Ebeveynler Problemi Neden Çocuğuna Söyleyemiyor?
Psikolojik DanışmanPsikolojik danışma sürecinde danışman olarak takip ettiğim bir ekol var. Bu ekolün adı bilişsel davranışçı terapi. Psikolojik danışma sürecinde yaygın olarak kullanılan ve yapılan çalışmalar doğrultusunda %94 gibi bir oranla geri dönüş alınan bir yöntem BDT. Özellikle davranışsal hedeflerin gerekliliği gibi durumlar süreci ölçülebilir kılmakta bu da süreçte verimi görebilmeyi sağlamakta.
Bilişsel Davranışçı Yaklaşıma göre danışmada odak bir problem olur ve biz bu problem üzerine çalışırız. Çocuk ve ergenlerle çalışırken de durum aynıdır. Fakat ailelerin genel tutumu şöyle olabiliyor. Bizimle görüşürken problemleri ve rahatsız oldukları şeyleri çok güzel ifade ediyorlar. Örnekler veriyorlar. Yaşadıklarını sorunun günlük yaşantılarına etkilerini anlatıyorlar. Amaçlarını çok güzel anlatıyorlar ve birlikte net amaçlar oluşturabiliyoruz. Buraya kadar her şey normal seyrediyor. Sonra çocukla görüşmeye başladığımızda bir tıkanıklık yaşıyoruz. Çocuk ne problemden haberdar ne de amaçlardan. Buraya neden geldiğini bilmiyor.

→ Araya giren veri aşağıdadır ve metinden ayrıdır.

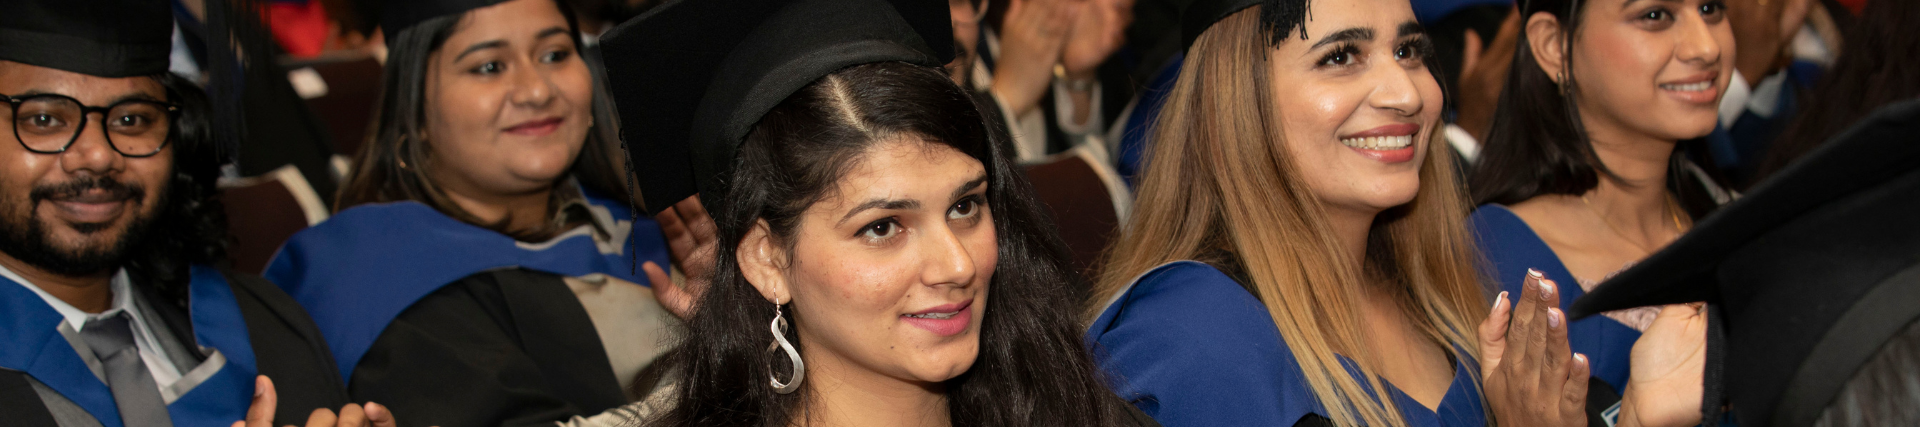 Graduates sitting and smiling at the University of West London's graduation ceremony

Aile çocuğa “işte bir abi var, sohbet etmenizi istiyorum, buraya sohbet etmeye geliyoruz” gibi şeyler söylemiş olabiliyor. E hani rahatsız olduğunuz durumlar vardı, bir şeyleri çözmek istiyordunuz? Ebeveynlerin bu tutumunu ilk başta garipsiyordum fakat şunu fark ettim. Aileler çocuklarıyla problemler üzerine çok fazla iletişim kurmuyorlar. Konu problemler olduğunda bir aracıya ihtiyaç duyabiliyorlar. Bu bazen bir psikolojik danışman bazen de bir öğretmen olabiliyor. Tabii ki problemi çok net bir şekilde çocuğuyla konuşan ebeveynler de var. Başta anlattığım tutumu sergileyen bir ebeveynseniz belki çocuğunuzla iletişiminizi bir gözden geçirmeniz iyi olabilir. Ebeveyn olarak çocuğunuzla bir problemin varlığını konuşmak, o sorunu çözmek için büyük bir adım olabilir. Öncelikle varlığını kabul etmiş oluyorsunuz.
Problemi net bir şekilde ortaya koymamak iletişim tercihlerimizle ilgili biraz çıkarım yapmamızı da sağlıyor. Problemin varlığını kabul etmektense karşı tarafın anlamasını bekliyoruz ve onun bunu anlayabileceğine dair de bir inanış geliştiriyoruz. Bunu yetişkin ilişkilerimizde yaptığımız gibi çocuklarla olan ilişkimizde de yapıyoruz. Hatta şöyle bir düşüncemiz de olabiliyor. E artık büyüdü. Bu ayrımı yapabilmeli, öyle davranmaması gerektiğini düşünebilmeli. Özellikle çocukların belli bir yaşa gelene kadar bu tarz çıkarımda bulunabilmeleri çok da sağlıklı sonuçlar vermeyebilir. Gelişim psikolojisiyle ilgili bir durum, buraya geçmeden bu konuyu da farklı bir zaman bırakmak istiyorum.